• _Exercise prompt_: Nothing but the lines from the one containing "Bahamas Teak Coffee" through the one containing "STYLE – NUDE moccasins with horsebit", both included, should be given again, each exactly as written below.

-- Data to process follows --

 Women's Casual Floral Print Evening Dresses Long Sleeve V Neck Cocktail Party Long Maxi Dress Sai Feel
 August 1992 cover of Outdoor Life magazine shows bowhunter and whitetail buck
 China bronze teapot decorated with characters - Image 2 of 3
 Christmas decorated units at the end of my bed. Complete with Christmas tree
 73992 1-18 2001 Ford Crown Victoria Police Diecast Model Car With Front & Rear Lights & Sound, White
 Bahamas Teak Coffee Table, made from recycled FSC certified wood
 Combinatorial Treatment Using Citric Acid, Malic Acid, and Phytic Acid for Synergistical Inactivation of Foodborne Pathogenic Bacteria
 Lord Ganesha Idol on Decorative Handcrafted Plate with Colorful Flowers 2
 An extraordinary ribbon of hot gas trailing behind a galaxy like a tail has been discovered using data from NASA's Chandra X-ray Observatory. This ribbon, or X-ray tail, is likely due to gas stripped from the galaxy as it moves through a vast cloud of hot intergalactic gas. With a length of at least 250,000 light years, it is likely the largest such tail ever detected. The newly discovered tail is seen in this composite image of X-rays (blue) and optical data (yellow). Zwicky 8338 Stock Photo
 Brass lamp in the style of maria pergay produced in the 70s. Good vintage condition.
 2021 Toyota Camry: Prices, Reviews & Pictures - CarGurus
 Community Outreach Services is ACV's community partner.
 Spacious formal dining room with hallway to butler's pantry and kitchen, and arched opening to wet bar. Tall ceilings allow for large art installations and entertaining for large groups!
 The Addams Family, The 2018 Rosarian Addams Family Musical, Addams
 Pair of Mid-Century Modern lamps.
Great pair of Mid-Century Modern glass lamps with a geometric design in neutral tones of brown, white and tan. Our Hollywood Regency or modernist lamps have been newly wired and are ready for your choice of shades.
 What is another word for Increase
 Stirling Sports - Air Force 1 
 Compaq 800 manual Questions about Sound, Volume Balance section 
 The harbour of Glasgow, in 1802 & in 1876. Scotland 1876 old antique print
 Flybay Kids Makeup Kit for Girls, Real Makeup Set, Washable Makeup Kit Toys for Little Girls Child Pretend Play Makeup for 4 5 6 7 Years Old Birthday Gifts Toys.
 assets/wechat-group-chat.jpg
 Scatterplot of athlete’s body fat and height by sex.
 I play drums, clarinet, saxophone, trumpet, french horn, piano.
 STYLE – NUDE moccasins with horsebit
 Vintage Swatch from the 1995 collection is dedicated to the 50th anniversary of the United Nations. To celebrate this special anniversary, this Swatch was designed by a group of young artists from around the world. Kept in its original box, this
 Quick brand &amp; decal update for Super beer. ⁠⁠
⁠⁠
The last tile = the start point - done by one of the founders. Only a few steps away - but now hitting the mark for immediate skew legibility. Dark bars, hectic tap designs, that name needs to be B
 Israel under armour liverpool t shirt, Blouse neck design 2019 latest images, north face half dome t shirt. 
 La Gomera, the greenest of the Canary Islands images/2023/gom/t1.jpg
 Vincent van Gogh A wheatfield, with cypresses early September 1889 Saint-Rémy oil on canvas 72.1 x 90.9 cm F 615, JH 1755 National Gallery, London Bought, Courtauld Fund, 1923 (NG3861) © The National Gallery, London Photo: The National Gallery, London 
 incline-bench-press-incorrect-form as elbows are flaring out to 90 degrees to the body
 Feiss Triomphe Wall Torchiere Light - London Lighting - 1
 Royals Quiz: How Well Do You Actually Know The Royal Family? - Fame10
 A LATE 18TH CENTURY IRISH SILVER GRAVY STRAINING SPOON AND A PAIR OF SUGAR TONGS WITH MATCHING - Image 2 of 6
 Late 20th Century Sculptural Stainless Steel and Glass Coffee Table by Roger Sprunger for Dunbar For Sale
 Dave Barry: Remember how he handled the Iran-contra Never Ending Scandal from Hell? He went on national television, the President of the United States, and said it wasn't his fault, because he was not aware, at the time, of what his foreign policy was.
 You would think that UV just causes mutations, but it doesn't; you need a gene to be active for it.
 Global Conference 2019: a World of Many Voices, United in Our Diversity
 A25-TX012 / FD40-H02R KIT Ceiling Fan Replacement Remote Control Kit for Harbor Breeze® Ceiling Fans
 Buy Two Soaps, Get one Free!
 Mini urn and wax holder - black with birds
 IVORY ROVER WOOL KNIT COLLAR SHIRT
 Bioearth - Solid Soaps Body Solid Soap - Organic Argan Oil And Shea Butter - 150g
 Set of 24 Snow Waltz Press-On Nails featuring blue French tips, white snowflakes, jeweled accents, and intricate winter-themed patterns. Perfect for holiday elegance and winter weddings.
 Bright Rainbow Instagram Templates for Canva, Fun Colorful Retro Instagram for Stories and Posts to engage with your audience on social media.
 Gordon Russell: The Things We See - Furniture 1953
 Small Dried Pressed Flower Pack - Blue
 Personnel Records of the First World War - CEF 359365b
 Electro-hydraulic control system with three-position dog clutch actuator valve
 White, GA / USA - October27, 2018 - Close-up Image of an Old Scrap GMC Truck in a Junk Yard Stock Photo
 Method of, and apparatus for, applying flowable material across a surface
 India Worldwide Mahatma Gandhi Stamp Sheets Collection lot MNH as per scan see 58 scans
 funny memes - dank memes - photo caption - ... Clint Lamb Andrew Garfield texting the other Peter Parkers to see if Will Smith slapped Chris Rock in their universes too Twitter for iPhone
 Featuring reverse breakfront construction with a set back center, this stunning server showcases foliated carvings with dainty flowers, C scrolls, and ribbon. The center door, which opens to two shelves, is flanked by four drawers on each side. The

-- Data to process concluded --

• _Response_:
 Bahamas Teak Coffee Table, made from recycled FSC certified wood
 Combinatorial Treatment Using Citric Acid, Malic Acid, and Phytic Acid for Synergistical Inactivation of Foodborne Pathogenic Bacteria
 Lord Ganesha Idol on Decorative Handcrafted Plate with Colorful Flowers 2
 An extraordinary ribbon of hot gas trailing behind a galaxy like a tail has been discovered using data from NASA's Chandra X-ray Observatory. This ribbon, or X-ray tail, is likely due to gas stripped from the galaxy as it moves through a vast cloud of hot intergalactic gas. With a length of at least 250,000 light years, it is likely the largest such tail ever detected. The newly discovered tail is seen in this composite image of X-rays (blue) and optical data (yellow). Zwicky 8338 Stock Photo
 Brass lamp in the style of maria pergay produced in the 70s. Good vintage condition.
 2021 Toyota Camry: Prices, Reviews & Pictures - CarGurus
 Community Outreach Services is ACV's community partner.
 Spacious formal dining room with hallway to butler's pantry and kitchen, and arched opening to wet bar. Tall ceilings allow for large art installations and entertaining for large groups!
 The Addams Family, The 2018 Rosarian Addams Family Musical, Addams
 Pair of Mid-Century Modern lamps.
Great pair of Mid-Century Modern glass lamps with a geometric design in neutral tones of brown, white and tan. Our Hollywood Regency or modernist lamps have been newly wired and are ready for your choice of shades.
 What is another word for Increase
 Stirling Sports - Air Force 1 
 Compaq 800 manual Questions about Sound, Volume Balance section 
 The harbour of Glasgow, in 1802 & in 1876. Scotland 1876 old antique print
 Flybay Kids Makeup Kit for Girls, Real Makeup Set, Washable Makeup Kit Toys for Little Girls Child Pretend Play Makeup for 4 5 6 7 Years Old Birthday Gifts Toys.
 assets/wechat-group-chat.jpg
 Scatterplot of athlete’s body fat and height by sex.
 I play drums, clarinet, saxophone, trumpet, french horn, piano.
 STYLE – NUDE moccasins with horsebit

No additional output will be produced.